Stata commands for basic data tasks
Understanding Society provides syntax for Stata. Below are the Stata commands for basic data tasks to help you get started with using the dataset.
Load your data
Load specific variables of a specific Wave: use pidp a_hidp a_pno a_hiqual_dv a_nchild_dv using a_indresp, clear
Commonly used commands to explore data
Check if pidp uniquely identifies the data: isid pidp
Find all duplicate values in household identifier variable: duplicates report a_hidp
Display variable type, format, and any value/variable labels: describe a_hiqual_dv
Count number of rows (observations) for whom a_hiqual_dv is missing. Can be combined with any logic: count if a_hiqual_dv<0
Recode missing values to missing values in Stata format [.]:recode a_hiqual_dv (-9/-1=.)
Commonly used commands to view data organisation
Show histogram of data, number of missing or zero observations: inspect a_nchild_dv
Report summary statistics (mean, stdev, min, max) for variables: summarize a_hiqual_dv a_nchild_dv
Overview of variable type, stats, number of missing/unique values: codebook a_hiqual_dv a_nchild_dv
Sort in order, first by hh identifier (descending) then by person number (ascending): gsort –a_hidp +a_pno
List the a_hidp a_pno a_hiqual_dv for observations with a_nchild_dv==2 and separates list by household identifier: list a_hidp a_pno a_hiqual_dv if a_nchild_dv ==2, sepby(a_hidp)
Opens the data editor: browse
Commonly used commands to summarise data
One-way table: number of rows with each value of a_hiqual_dv.
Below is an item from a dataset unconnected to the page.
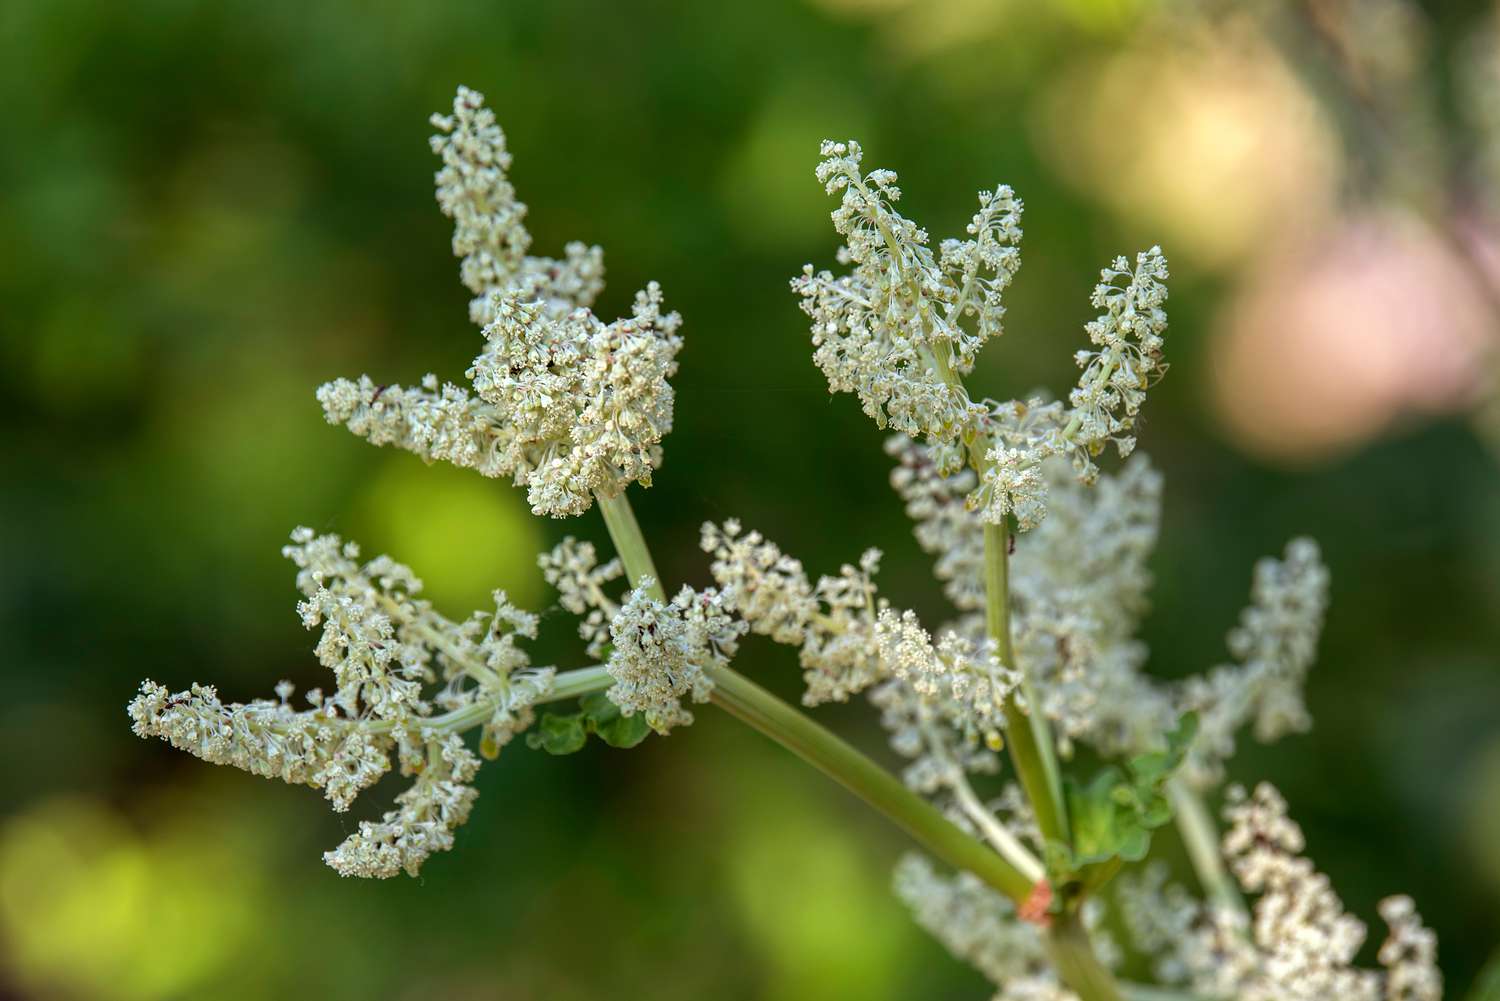 Rhabarberpflanze mit winzigen weißen Blüten an den Stielenden in Nahaufnahme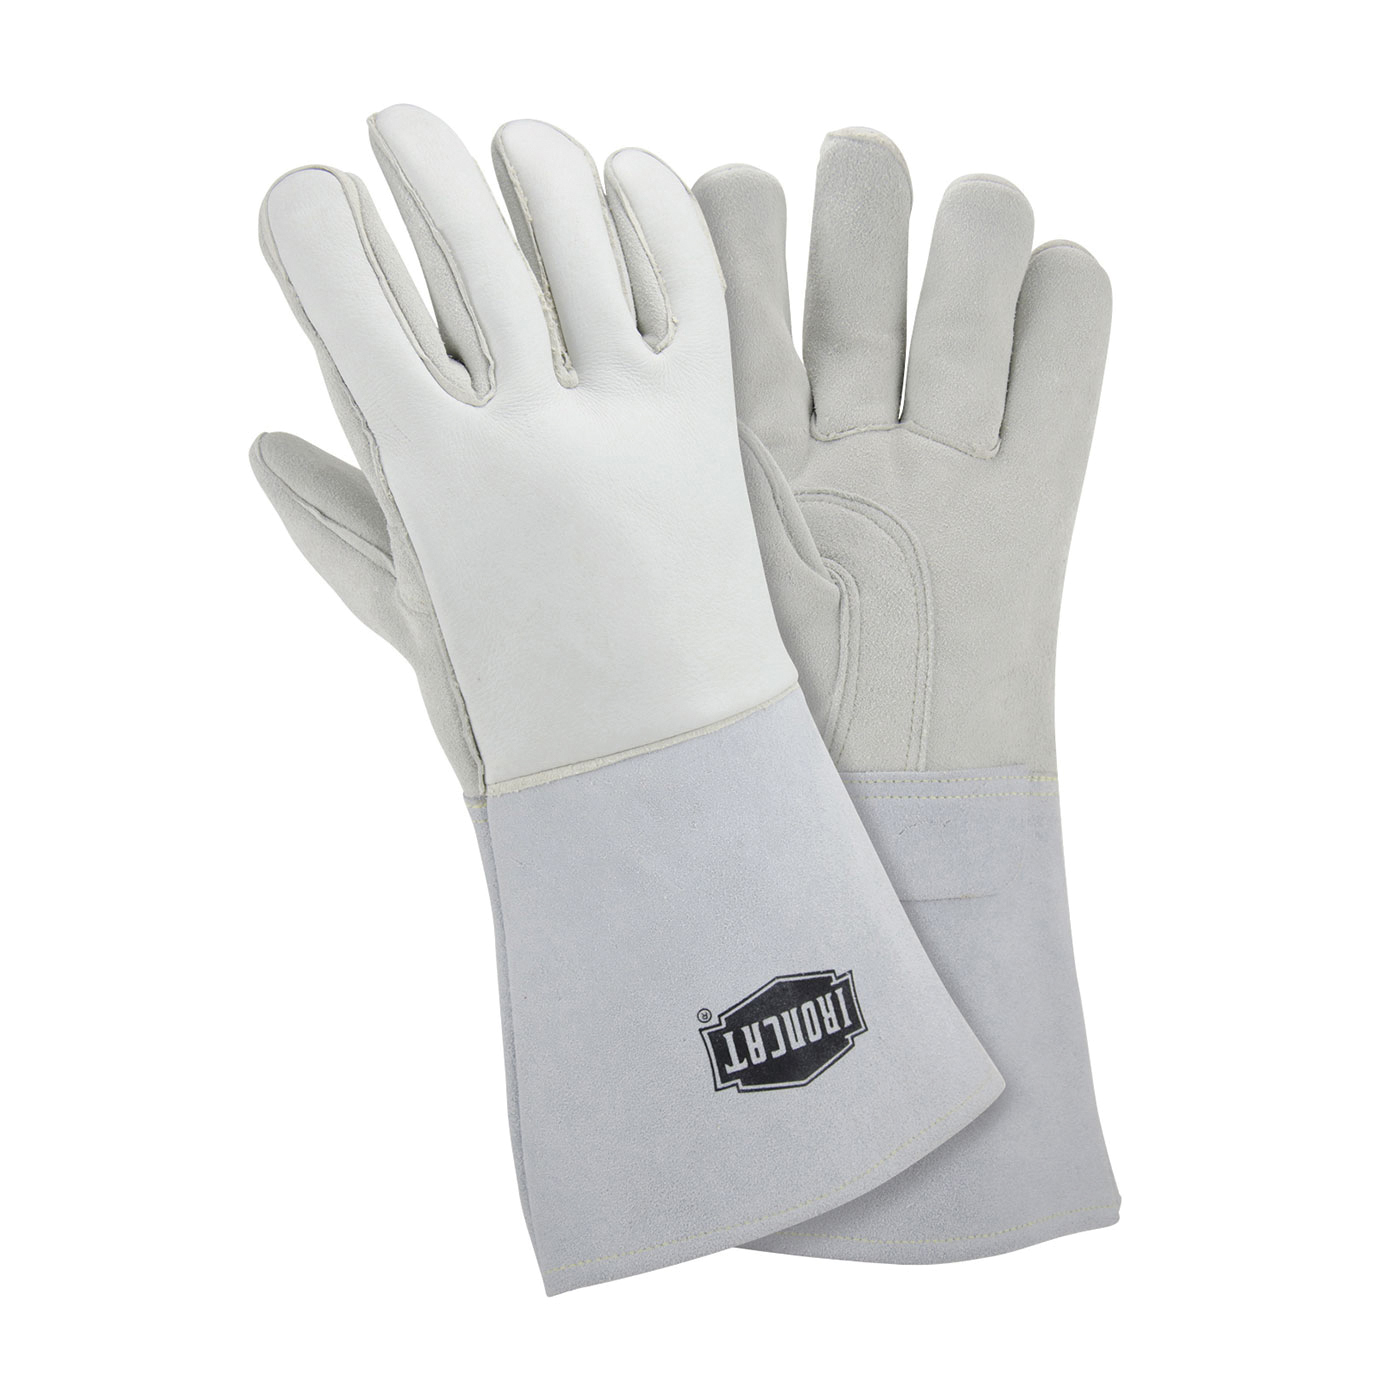 PIP® 9061/M Premium Grade Welding Gloves, M, Kevlar® Thread/Leather, Off-White, Cotton/Foam Lining, Gauntlet Cuff, 14 in L

Creates binary variable for every a_hiqual_dv value in a new variable, hiqual, include missing values: tabulate a_hiqual_dv, mi gen(hiqual)
Cross-tabulate number of observations for each combination of a_hiqual_dv and a_nchild_dv, including missing values (two-way table): tabulate a_hiqual_dv a_nchild_dv, mi
Create compact table of summary statistics: tabstat a_nchild_dv, by(a_hiqual_dv) stat(mean sd n)
Create a flexible table of summary statistics; display stats formats numbers for all data: table a_hiqual_dv, contents(mean a_nchild_dv sd a_nchild_dv) f(%9.2fc) row
Merge in additional variables from the household response data file a_hhresp; keepusing() allows you to select specific variables to add (Here: housing tenure and net household income): merge m:1 a_hidp using a_hhresp.dta, keepusing(a_tenure_dv a_fihhmnnet1_dv)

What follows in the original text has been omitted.